**YOUR OBJECTIVE**
Copy out the entire listing, keeping each line exactly as it is.

[GIVEN DATA Boundary: Start]

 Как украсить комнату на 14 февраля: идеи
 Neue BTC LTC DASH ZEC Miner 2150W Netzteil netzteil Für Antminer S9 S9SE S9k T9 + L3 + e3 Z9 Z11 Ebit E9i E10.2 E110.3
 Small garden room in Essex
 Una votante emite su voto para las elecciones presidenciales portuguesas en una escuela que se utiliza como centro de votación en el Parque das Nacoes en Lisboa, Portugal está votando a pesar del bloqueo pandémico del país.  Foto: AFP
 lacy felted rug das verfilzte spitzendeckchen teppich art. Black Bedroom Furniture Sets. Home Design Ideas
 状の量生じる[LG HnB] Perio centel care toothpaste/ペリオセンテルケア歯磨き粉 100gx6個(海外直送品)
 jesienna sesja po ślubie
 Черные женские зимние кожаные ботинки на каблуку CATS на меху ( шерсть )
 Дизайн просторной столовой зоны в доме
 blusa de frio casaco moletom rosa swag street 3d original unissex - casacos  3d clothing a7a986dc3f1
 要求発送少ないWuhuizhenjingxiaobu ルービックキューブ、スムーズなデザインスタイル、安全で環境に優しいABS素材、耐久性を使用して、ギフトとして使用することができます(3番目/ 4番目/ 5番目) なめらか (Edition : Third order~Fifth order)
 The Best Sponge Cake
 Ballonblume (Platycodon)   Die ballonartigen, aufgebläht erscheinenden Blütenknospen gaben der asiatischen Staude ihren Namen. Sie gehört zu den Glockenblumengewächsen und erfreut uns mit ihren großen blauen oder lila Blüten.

[GIVEN DATA Boundary: End]

**SOLUTION**
 Как украсить комнату на 14 февраля: идеи
 Neue BTC LTC DASH ZEC Miner 2150W Netzteil netzteil Für Antminer S9 S9SE S9k T9 + L3 + e3 Z9 Z11 Ebit E9i E10.2 E110.3
 Small garden room in Essex
 Una votante emite su voto para las elecciones presidenciales portuguesas en una escuela que se utiliza como centro de votación en el Parque das Nacoes en Lisboa, Portugal está votando a pesar del bloqueo pandémico del país.  Foto: AFP
 lacy felted rug das verfilzte spitzendeckchen teppich art. Black Bedroom Furniture Sets. Home Design Ideas
 状の量生じる[LG HnB] Perio centel care toothpaste/ペリオセンテルケア歯磨き粉 100gx6個(海外直送品)
 jesienna sesja po ślubie
 Черные женские зимние кожаные ботинки на каблуку CATS на меху ( шерсть )
 Дизайн просторной столовой зоны в доме
 blusa de frio casaco moletom rosa swag street 3d original unissex - casacos  3d clothing a7a986dc3f1
 要求発送少ないWuhuizhenjingxiaobu ルービックキューブ、スムーズなデザインスタイル、安全で環境に優しいABS素材、耐久性を使用して、ギフトとして使用することができます(3番目/ 4番目/ 5番目) なめらか (Edition : Third order~Fifth order)
 The Best Sponge Cake
 Ballonblume (Platycodon)   Die ballonartigen, aufgebläht erscheinenden Blütenknospen gaben der asiatischen Staude ihren Namen. Sie gehört zu den Glockenblumengewächsen und erfreut uns mit ihren großen blauen oder lila Blüten.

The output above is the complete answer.